Transparency Life Sciences (TLS) is taking a fully virtual approach and has tested its first all-virtual trial concept. By simulating all the procedures required for a pulmonary function trial, TLS has built a foundation for future virtual trials.
“We are the first enterprise that was built entirely on the hypothesis that clinical trials will go virtual eventually,” says Tomasz Sablinski, TLS founder and chief executive officer.
Participants in the TLS Virtual Siteless Technology Open Research (VISITOR) project were able to record data commonly collected in clinical trials — blood pressure, heart rate, body weight, for example — and use a single-lead EKG to monitor pulmonary function, uploading it digitally to the study hub from their homes or offices.
“This creates a template or scaffolding, says Sablinski. “We can build off that and do studies which follow those considerations.”
Striking a middle ground between the VirTrial and TLS models, IQVIA takes a more flexible approach to the balance between virtual and personal.
When IQVIA starts looking at a study, says Josh Rose, vice president and global head of strategy, first it examines the protocol and determines where traditional aspects of the trial can be replaced with virtual ones.
“We look at patient burden and we look at the study with five or six visits and what [aspects] of those visits can be moved to the patient’s home,” Rose says. “Sometimes it can be the entire study. But It’s not black and white.”
As sponsors continue to show more interest, creating virtual trials becomes more of a balancing act for combining technology and scientific research. But just because there are numerous technological tools available now for virtual trials, McNair says, that does not make them complete solutions for study conduct.
There is a misconception that virtual trials are all about putting technology and a study on an app, but nothing could be further from the truth, Rose says. “Phase 3 and 4 studies are complex. There are lots of safety precautions and measurements. It’s sending the wrong message.”
Sablinski says that 25 percent of current studies could be done entirely virtually but the concept still is only a blip on the industry’s radar.

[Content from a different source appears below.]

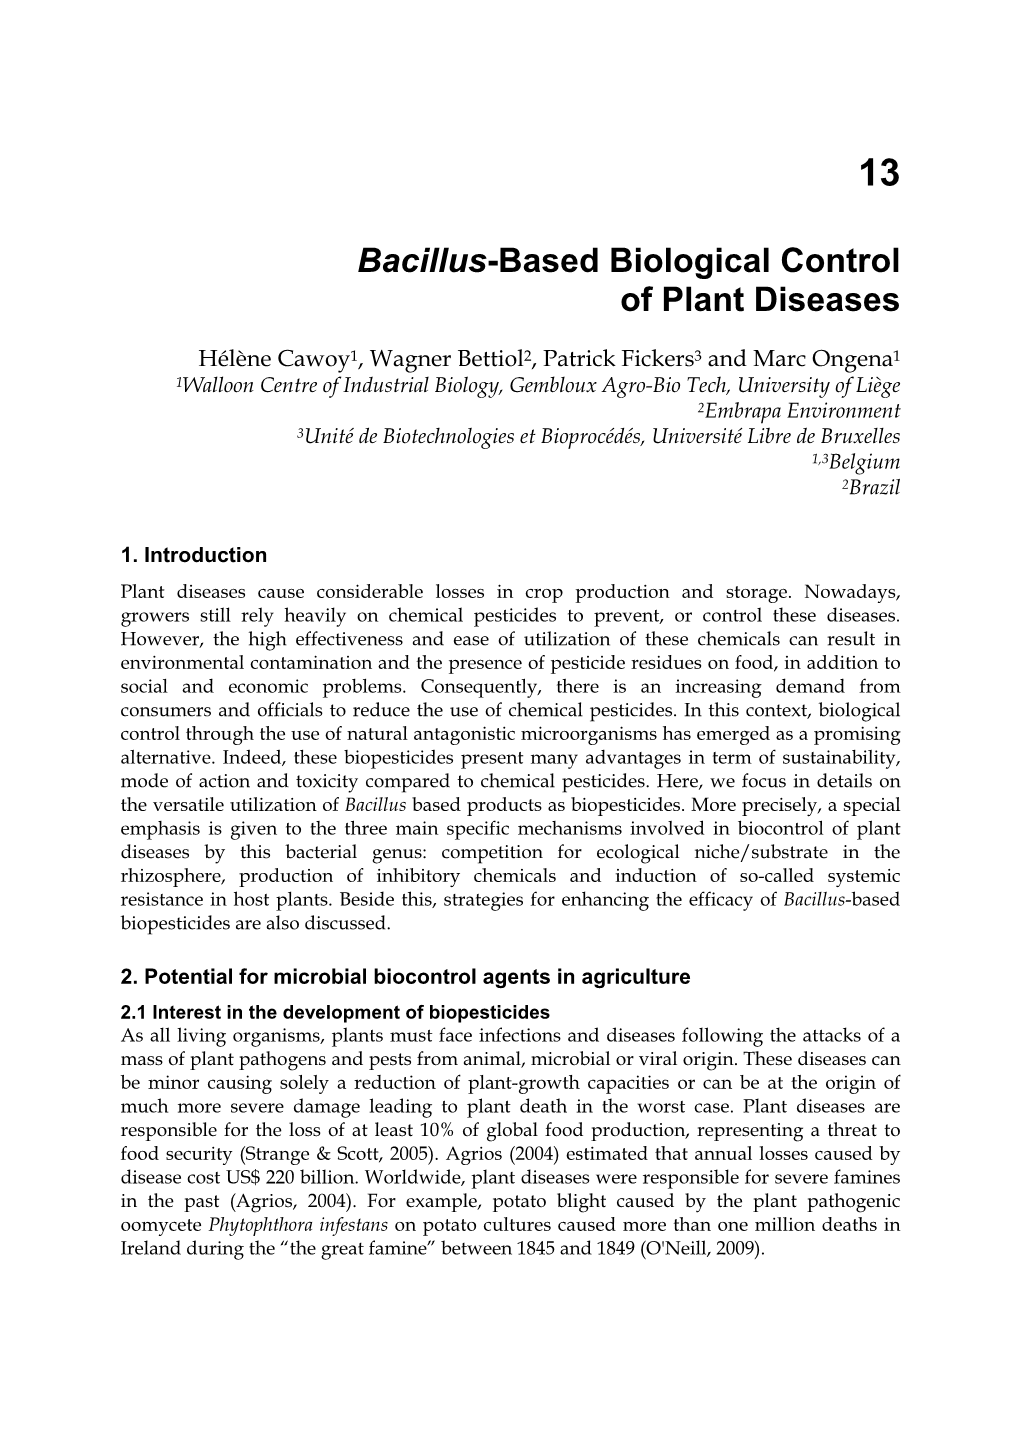 Bacillus-Based Biological Control of Plant Diseases

“As we get better at integrating solutions, we may create a more customized approach,” says Getz. “That relationship between the patient and investigator is important and so are the ways to continue to reinforce that relationship.”
Researchers in the future will need experience in thinking about the unique design, conduct and ethical challenges of virtual clinical trials, McNair says, as more of them move toward this model of research.